The paper "An Information-Theoretic Analysis of Thompson Sampling" by Daniel Russo and Benjamin Van Roy provides a rigorous exploration of Thompson sampling through the lens of information theory. Focusing on online optimization problems characterized by partial feedback, the authors examine how decision-makers improve their performance over time by learning from incomplete information. This analysis is not only valuable for understanding Thompson sampling better but also contributes to the broader dialogue on algorithmic efficiency in online decision-making.

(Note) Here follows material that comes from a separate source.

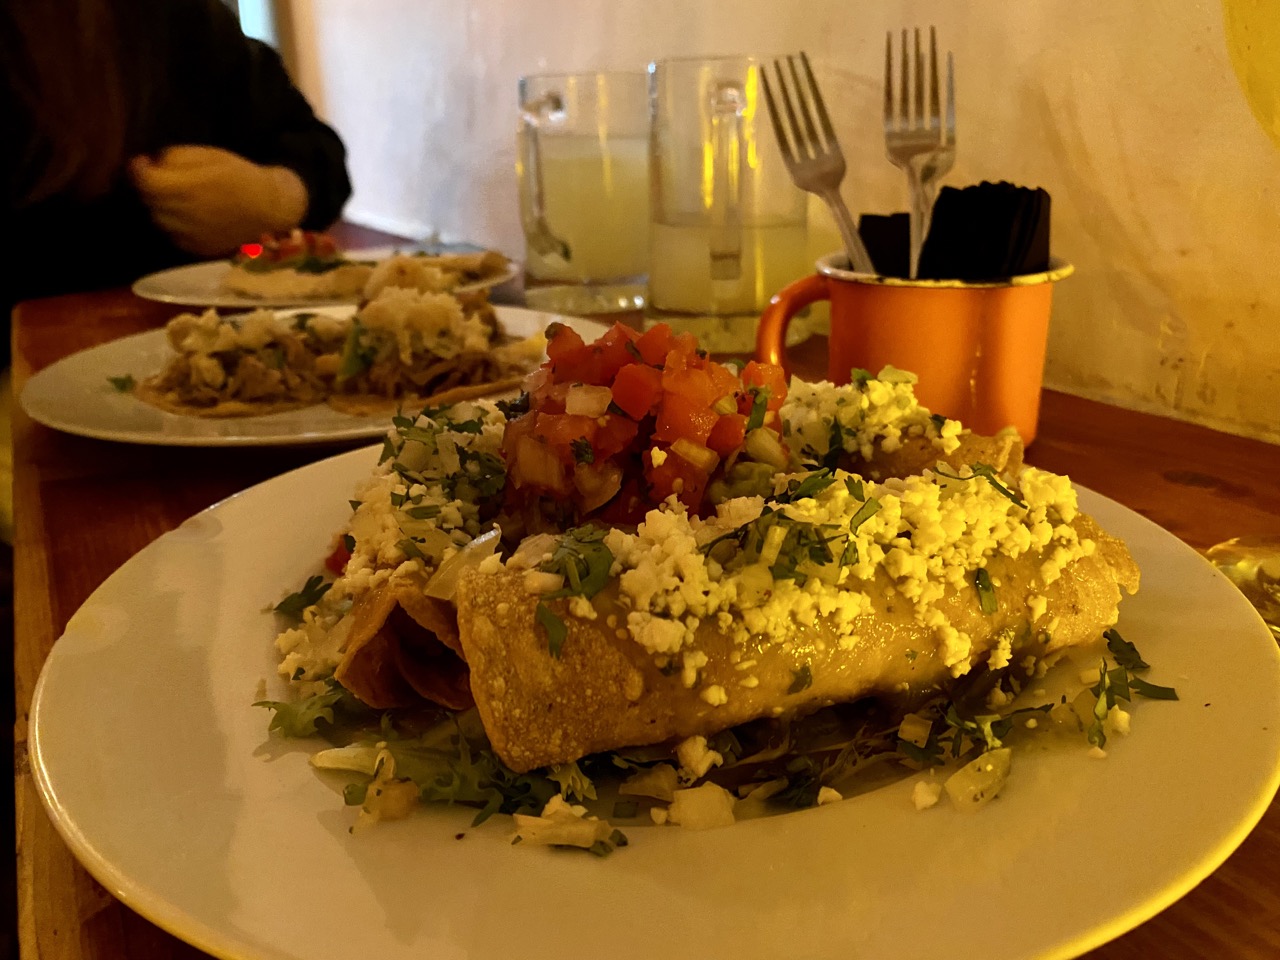 La Pachuca - the original Mexican restaurant

The paper's central achievement is establishing regret bounds influenced by the entropy of the optimal-action distribution. These bounds differ from traditional ones because they incorporate both 'hard' and 'soft' knowledge. Hard knowledge involves constraints regarding the possible mappings from actions to distributions, whereas soft knowledge involves the likelihood that these mappings represent reality. By capturing the impact of soft knowledge, the paper introduces a more profound understanding of how prior information shapes decision-making.

Methodological Approach

At the heart of this analysis is the introduction of the 'information ratio', a metric that reflects the interplay between expected regret and information gain. This ratio quantifies Thompson sampling's efficacy, asserting that significant regret is anticipated only if there is a commensurate acquisition of information about the optimal action. The pivotal insight here is that Thompson sampling inherently balances exploration and exploitation by relying on the entropy of potential outcomes.

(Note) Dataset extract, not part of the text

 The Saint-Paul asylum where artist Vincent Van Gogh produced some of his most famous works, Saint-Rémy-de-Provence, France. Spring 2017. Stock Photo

The authors provide robust theoretical backing through their derivation of regret bounds, emphasizing conditions under which these bounds hold across various problem settings. Key scenarios include classical multi-armed bandits with independent arms, linear bandits, and combinatorial action sets with semi-bandit feedback structures. An important aspect of their presentation is the detailed examination of these bounds in settings like full-information problems versus those with restricted feedback (bandit problems), underscoring Thompson sampling's versatility and efficacy.

Numerical Insights and Implications

The paper posits that Thompson sampling achieves performance commensurate with the information-theoretic complexity of the problem space. Specifically, the derived regret bounds, scaling with parameters like the number of arms or dimensionality of linear models, represent a refinement over conventional regret bounds. One critical contribution is articulating how entropy captures the quality of prior knowledge, which predicts performance with greater granularity.

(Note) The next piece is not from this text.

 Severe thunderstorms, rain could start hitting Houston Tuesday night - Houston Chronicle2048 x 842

Such findings bear significant implications. Practically, decision-makers benefit by understanding that algorithms like Thompson sampling effectively leverage extensive prior knowledge to optimize long-term performance. Theoretically, this work catalyzes further exploration into more advanced exploration-exploitation algorithms, potentially leading to improved algorithmic strategies beyond the scope of Thompson sampling.

Future Directions

The work serves as a template for employing information-theoretic methods to a range of online optimization algorithms, thus opening avenues for future research. Exploring extensions to infinite action spaces or developing algorithms that can offer tighter worst-case guarantees in multidimensional contexts are promising next steps. Furthermore, understanding how these insights might translate to varying domains such as healthcare, finance, and adaptive systems can be a fertile ground for applying the authors' theoretical contributions.

In summary, Russo and Van Roy's paper enriches the theoretical foundation of Thompson sampling, equipping researchers and practitioners with refined tools to evaluate and enhance decision-making processes under uncertainty. It invites a deeper reflection on how algorithms interact with the informational structure of problems, fostering continuous improvements in the design and analysis of learning algorithms.